Rideo local bus service in Livermore began on August 7, 1978. In 1984, Dublin and Pleasanton began planning a local bus system, which Livermore was initially apprehensive about joining. In May 1985, the three cities plus Alameda County formed the Livermore Amador Valley Transit Authority (LAVTA) as a joint powers authority. The Metropolitan Transportation Commission provided initial funding in September 1985. The new bus service, branded as "Wheels", began operating in Dublin and Pleasanton on July 1, 1986. It initially had nine buses operating on hourly headways, which ran on weekdays and Saturdays but not Sundays.

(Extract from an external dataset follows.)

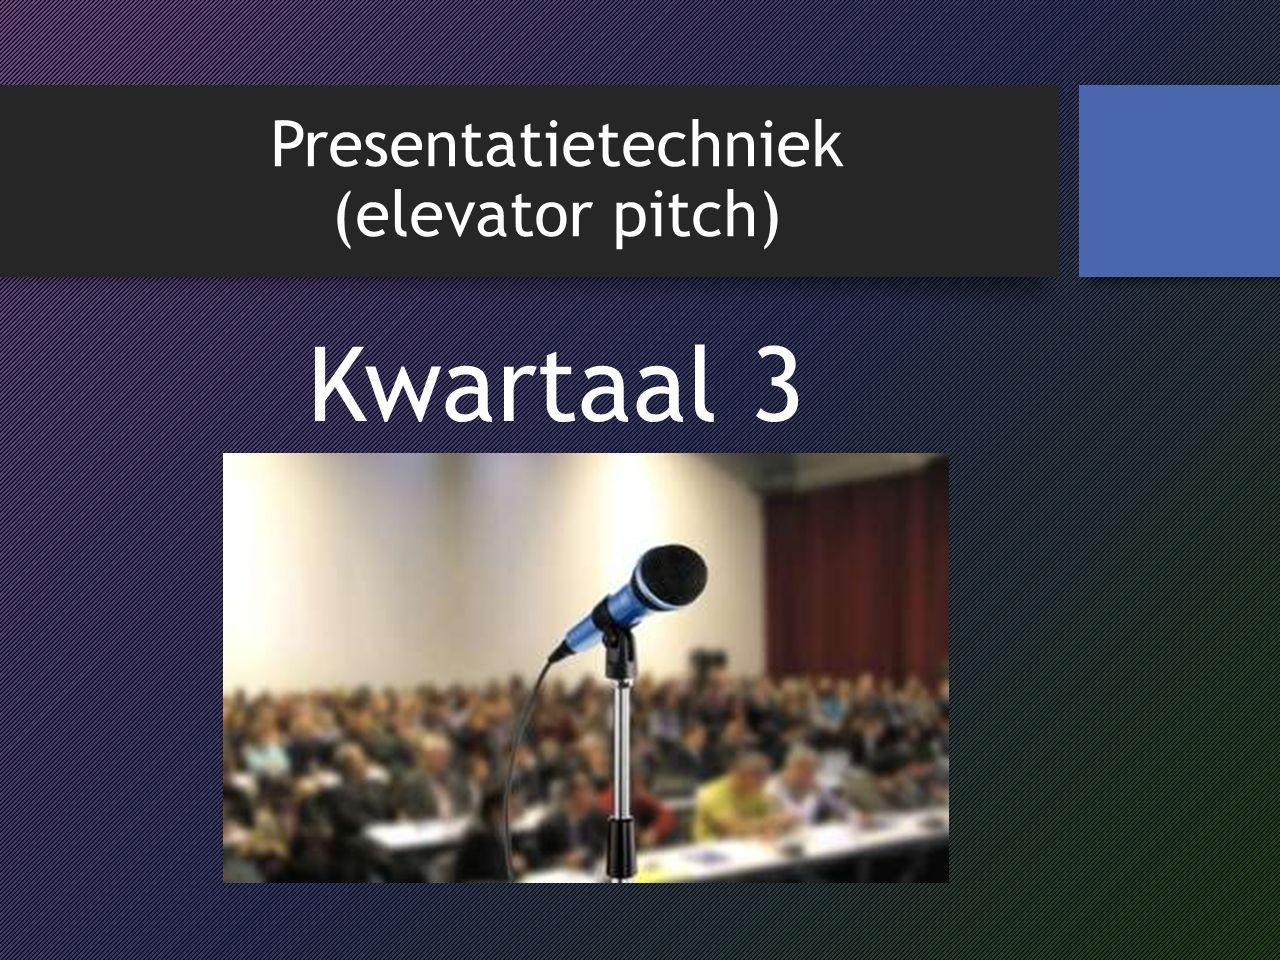 Presentatietechniek (elevator pitch)

Rideo was merged into Wheels in July 1987.

A new maintenance facility was opened in September 1991, serving the 34 buses delivered the previous year. Paratransit service began in January 1996. Wheels began connecting to regional rail service with the introduction of BART service to Dublin/Pleasanton station in 1997 and ACE service to Livermore in 1998. Route 70X service between Dublin/Pleasanton and Walnut Creek began in January 1999. Until June 27, 2009, Wheels operated All-Nighter route 810 between Bay Fair station and Livermore.

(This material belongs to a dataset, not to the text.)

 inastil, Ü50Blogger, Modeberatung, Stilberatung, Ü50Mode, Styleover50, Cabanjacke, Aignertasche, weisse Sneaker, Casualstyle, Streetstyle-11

In 2004, the BART I-580 Corridor Transit Study found that a BART extension to Livermore would not be feasible. Instead, the report recommended a rapid bus network serving the Tri-Valley. Construction on the "Tri-Valley Rapid" project took place from November 2009 to December 2010. Service on route R, which ran between West Dublin/Pleasanton station and Lawrence Livermore National Laboratory via Dublin, began on January 24, 2011. The weekday-only route operated every 10 minutes at peak and 15 minutes off-peak. It included some bus rapid transit elements like wider stop spacing, signal priority, and queue jumps. On August 13, 2016, local route 10 was converted to Rapid route 10R. It ran between Dublin/Pleasanton station and Livermore via Pleasanton. Route R was rerouted via Las Positas College and renamed route 30R at that time. By 2019, the two Rapid routes represented half of Wheels ridership.